And the people remembered the custom of the good King who had denied a hearing to no one; and they said: “The King’s daughter is herself to-day a beggar.” So they listened, making it easy for Raziya to speak.

And Raziya said: “My brother has killed his brother, and now he would slay me.”

And all the people, as one man, vowed to help her. And Raziya was put upon the throne of Delhi.

Raziya and the Peasant

And Raziya ruled as few men have ruled in Delhi. She loved justice and mercy, and she gave both to her people. She led them to battle, pitching her own tent in the place of greatest danger: she was generous and wise, and entirely forgetful of her woman’s self. All this her people knew of her; and all this historians have said of her.

But one old man, who wrote the longest tale of her gifts and virtues, tells us the reason of her failure to rule India: “She was a great monarch; but she was a woman, and she ruled as a man.”
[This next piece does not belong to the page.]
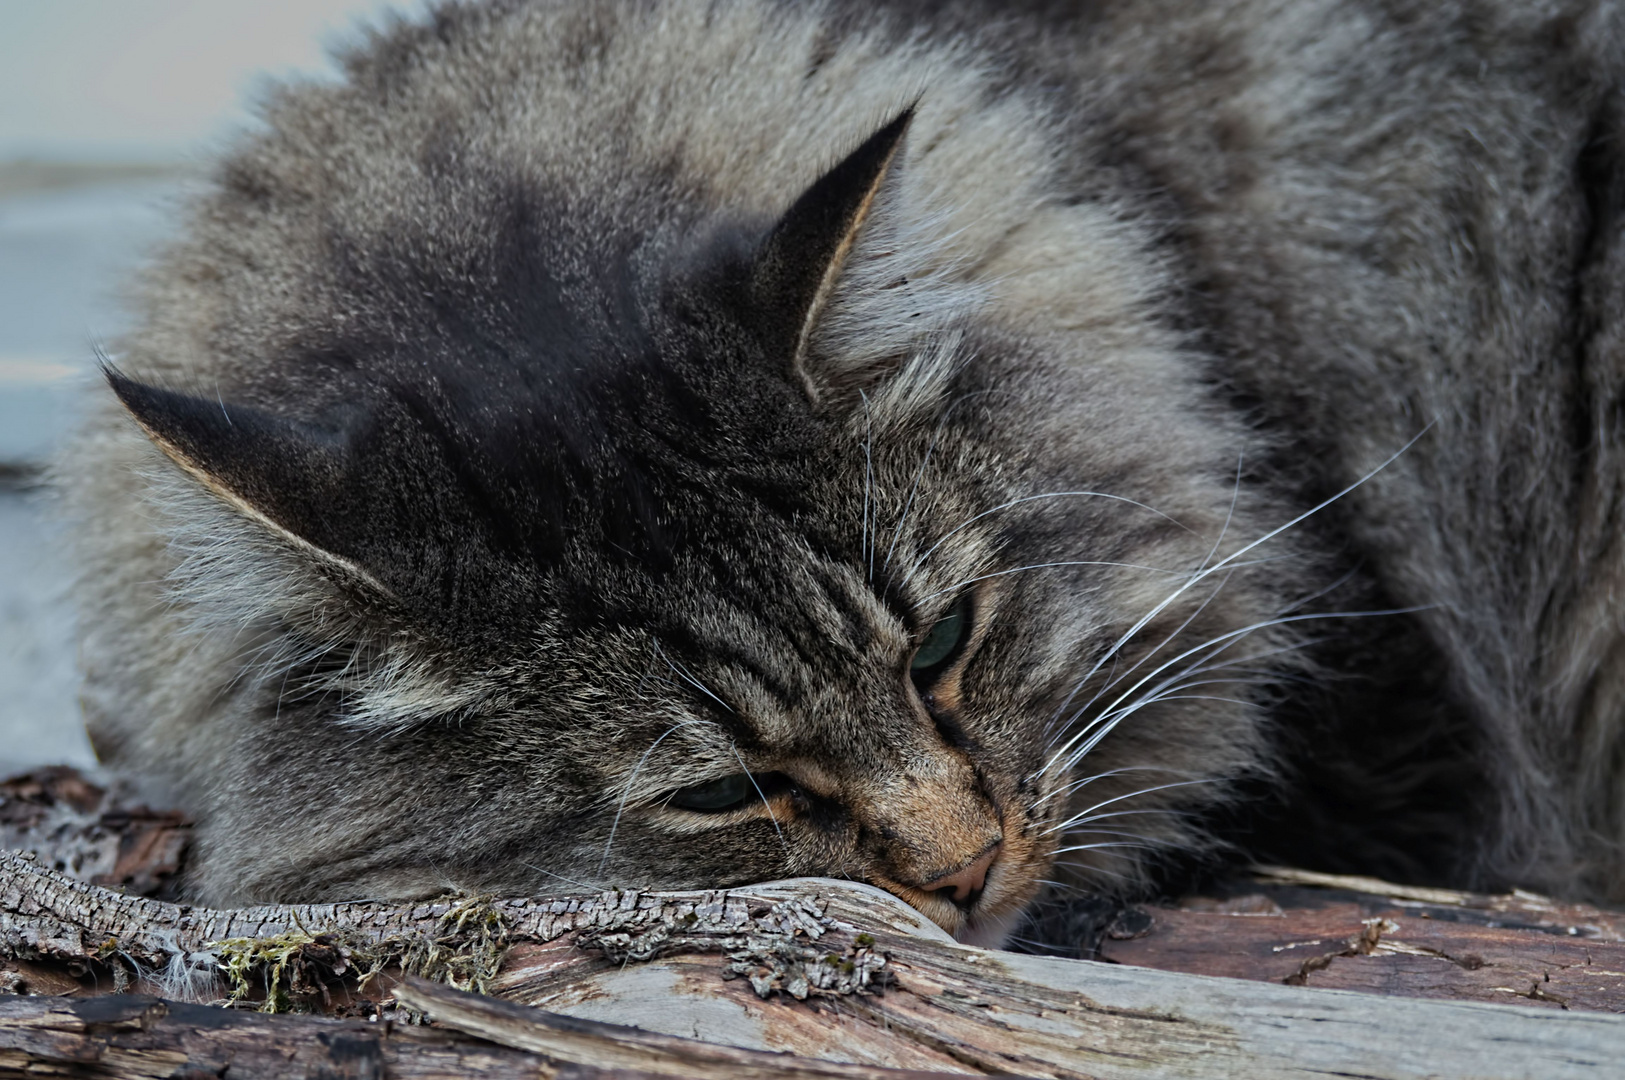 warten foto bild katzen tiere haustiere bilder auf fotocommunity. Black Bedroom Furniture Sets. Home Design Ideas

The Moslem people of those days could not forgive her that. They could not forgive her that, being a woman, she came before them with face unveiled; that, being a woman, she did successfully the work of a man, and asked no woman’s reward. And so, though they took her love and protection for so long that they forgot the cruelty of her brother who had reigned before, they turned against her in the end and dethroned her, and put her in prison.

From prison later, she escaped, and led an army to regain her kingdom. And perhaps she might some day have won it back, but for a sad thing that befell her.

In the battle which she waged she was defeated, and fled alone to the jungles.